Foreign banks take action
Foreign banks are not just looking. Some are buying local rivals. In the past two months, for example, foreign players have bought four mid-sized banks and more acquisitions are expected.
In June Société Générale opened a new office in Brazil that has a focus on the securitization market. To prove its commitment to the region Société Générale recently bought local mid-sized banks Banco Cacique and Banco Pecúnia. The French bank hopes to arrange securitizations of payroll deductible loans and auto loans originated by its Brazilian acquisitions.
Following hot on SGs heels is BNP Paribas, through its Cetelem subsidiary, which has just bought Banco BGN, a leader in consigned credit in Brazil. Dresdner Kleinwort, meanwhile, is rumoured to be in talks with Banco BMG. Other foreign banks that have been tipped as looking to buy include Lehman Brothers, Goldman Sachs and Merrill Lynch. One rumour has linked Lehman to Banco Fator, a mid-sized investment bank, which has emerged as a leading brokerage in the country.
In July Lehman Brothers announced that it had hired a team of investment banking professionals from Rio Bravo, a leading investment advisory firm in Brazil that has been active in the securitization market since its inception. "Hiring the Rio Bravo investment banking team underscores Lehman Brothers commitment to expanding and strengthening our capabilities in Brazil," says Joseph Gatto, co-head of global corporate finance at the firm.
But as these bulge-bracket banks all try to jump headlong into the securitization market in Brazil, some analysts are already suggesting that they have arrived too late. After four consecutive years of bumper growth, FIDC issuance volumes are unlikely to be as strong this year. In the first half of 2007 about R$7 billion-worth ($3.47 billion) was issued but issuance has slowed in the past couple of months. In 2006, volumes in the FIDC market hit R$13 billion. One big transaction came from Votorantim for nearly R$1 billion, but average sizes are about R$100 million. Despite this, new originators, investors and service providers are continually entering the market. This offers compelling evidence that there is still growth and money to be made out of the market.
The FIDC emerges
The FIDC market was created in November 2001 following the passage of a central bank resolution. This allowed companies and banks to finance themselves through securitizing their receivables, with the rules of operation set forth by the Brazilian securities and exchange commission (Comissão de Valores Mobiliarios CVM). Before the change, securitization had been basically unheard of in Brazil because the development of the special purpose vehicle that the transaction needed was simply infeasible from a tax perspective. Not only did the entity that wanted to securitize have to set up a whole new company with a board of executives, and an office base; it also had to pay the taxes that any normal company paid. This included the CPMF tax, which levies 38% on any funds that are transferred between accounts in Brazil. The tax showed how little sense the SPV financing route made.
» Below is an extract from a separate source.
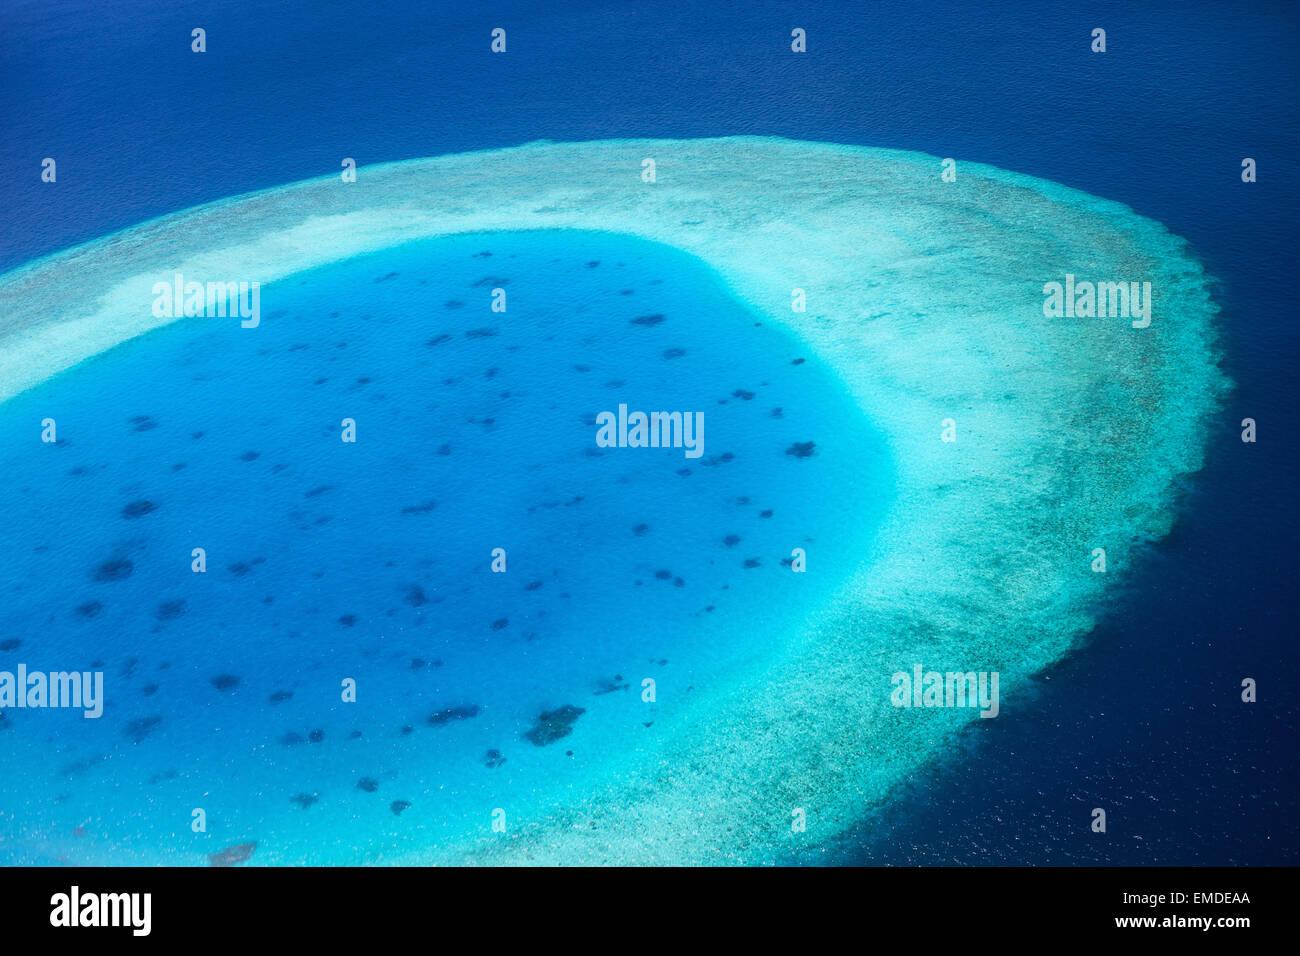 Aerial view of Maldives atoll - Stock Image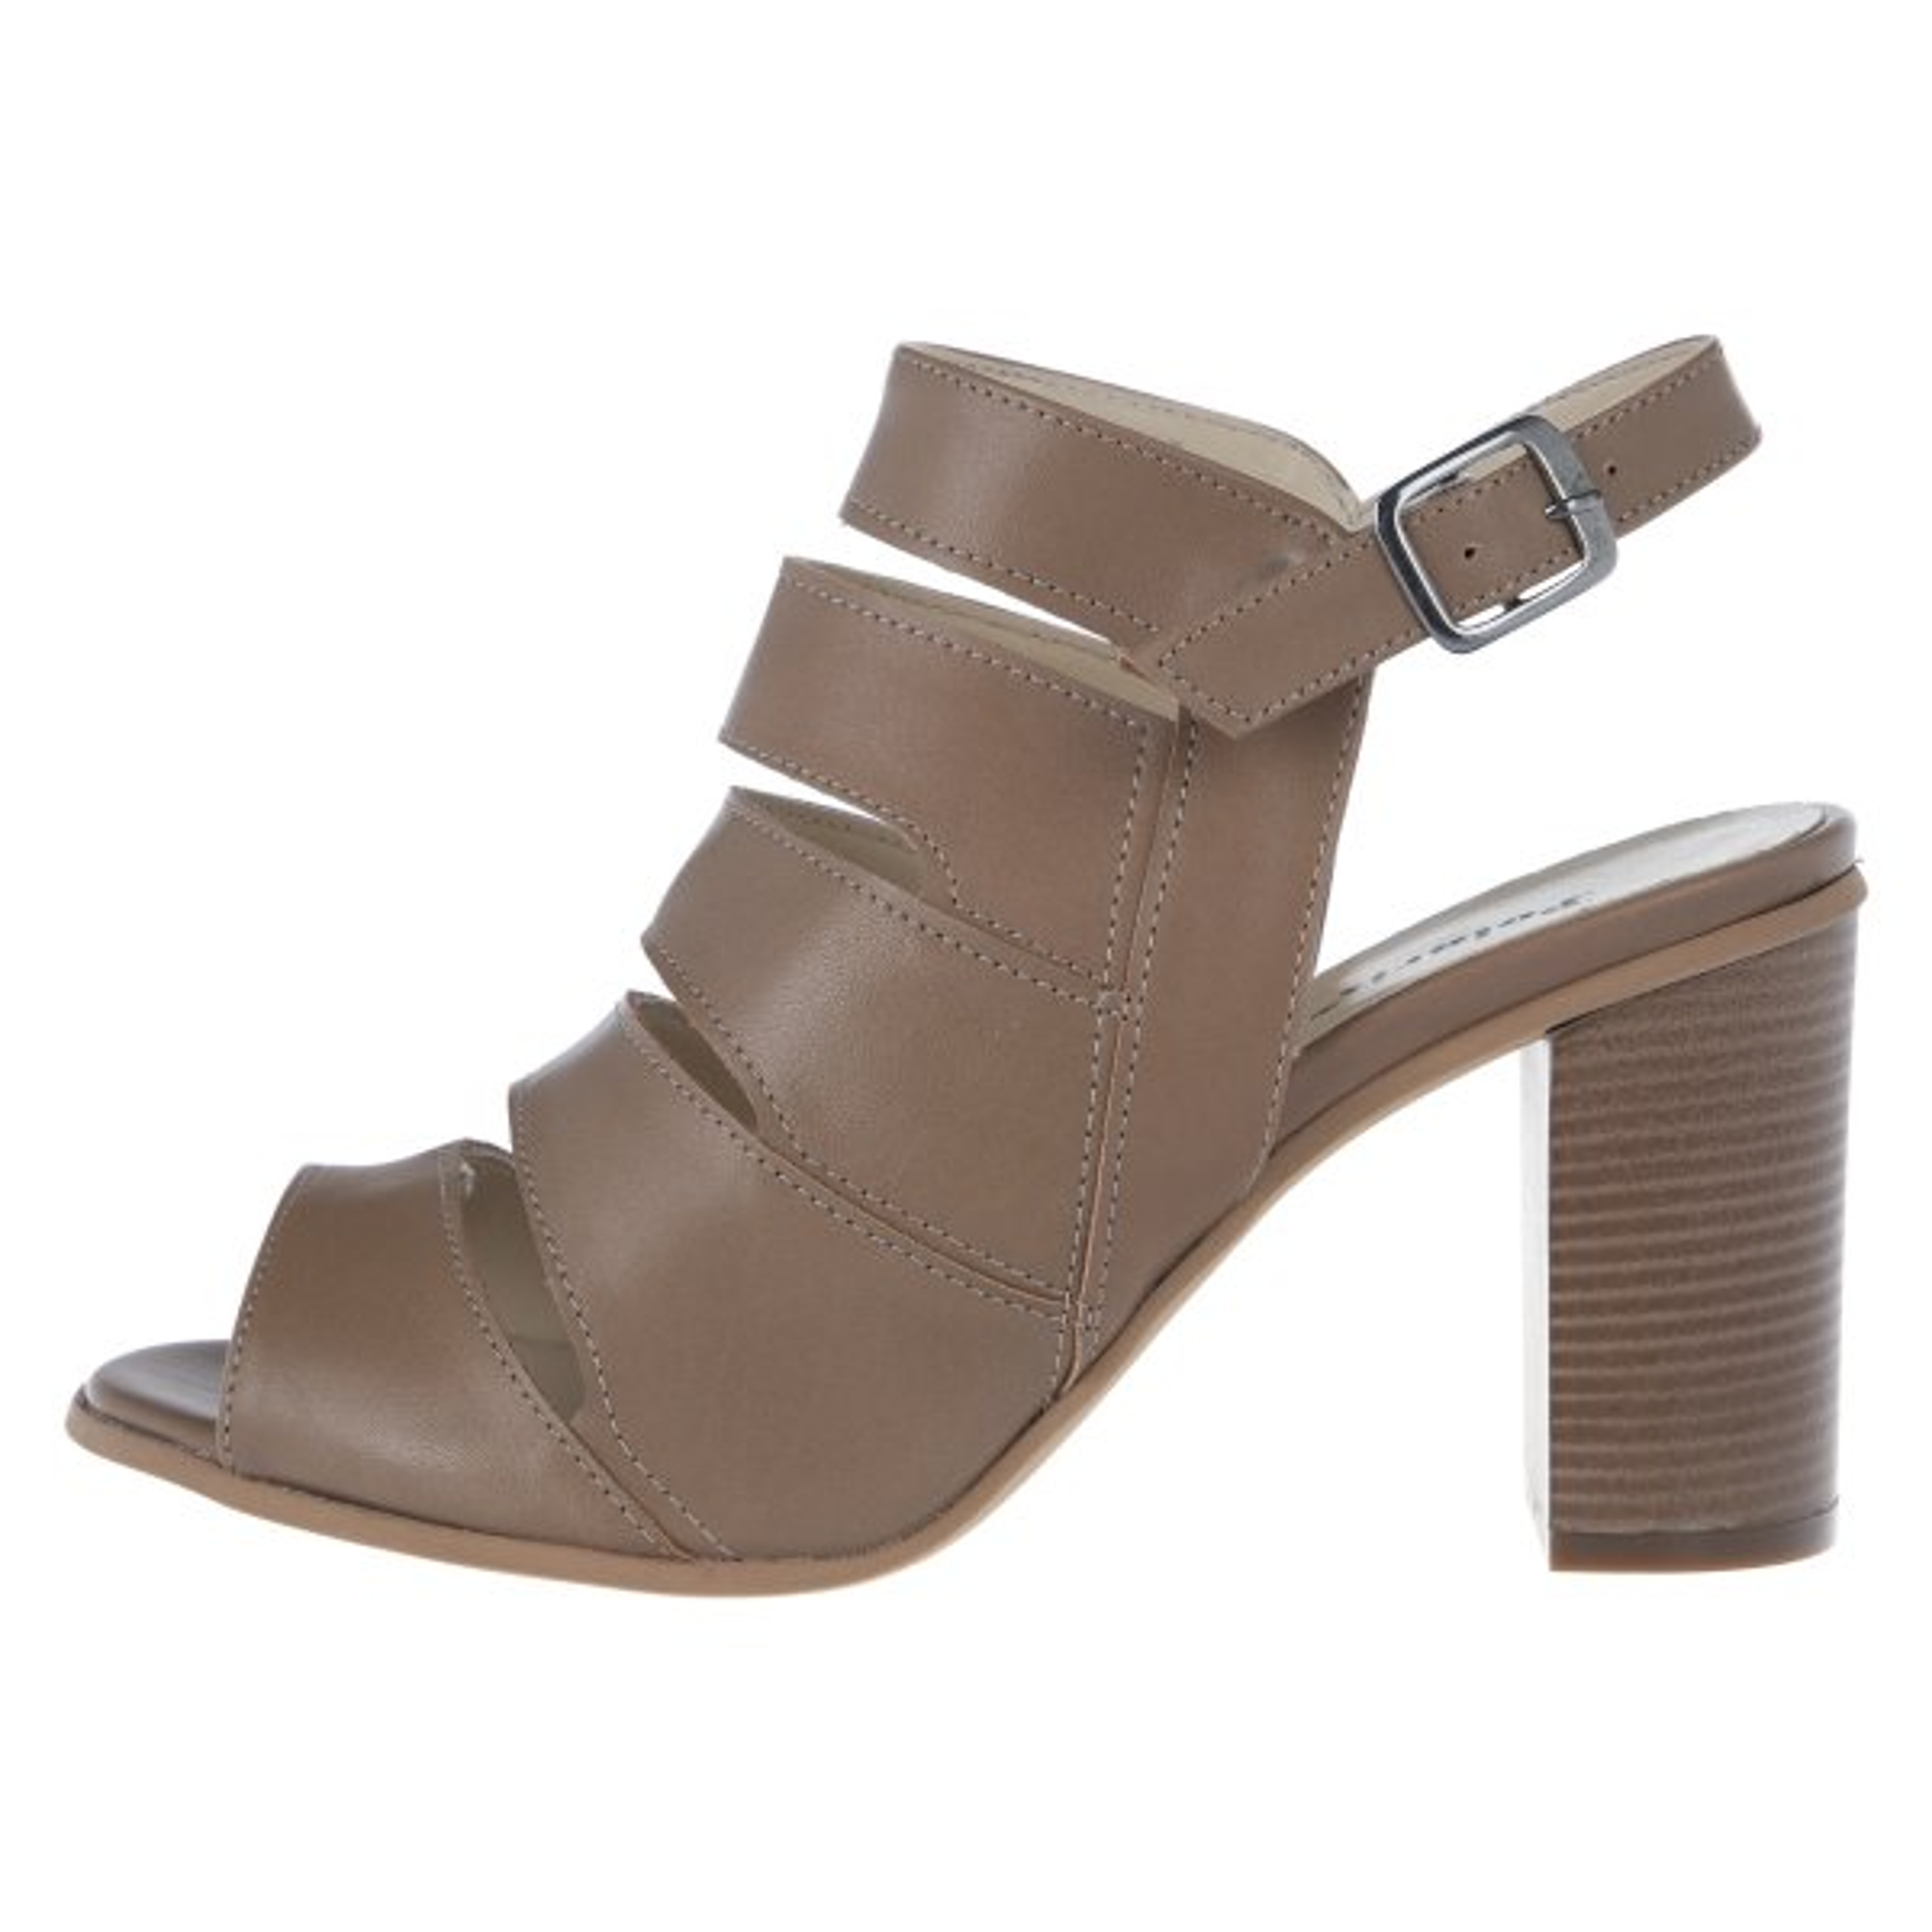 کفش زنانه پولاریس مدل 100294669-122

"The creation of the FIDC was a watershed event in the Brazilian market," according to a report by Uqbar, a company that researches the development of the securitization market in Brazil. With the law change companies were finally able to place all their receivables into a single fund structure that could then be securitized, and they therefore reduced the funding costs and tax liabilities that they faced, as well as improving their balance sheets. "The FIDC is an important tool," says Carlos Fadigas, CFO at Braskem. "It cleans the balance sheet. We can transfer our risk of collecting these receivables to the FIDC structure and in turn we can protect our balance sheet and account it as a reduction in receivables instead of accounting it as debt. It helps us optimize the working capital of the company."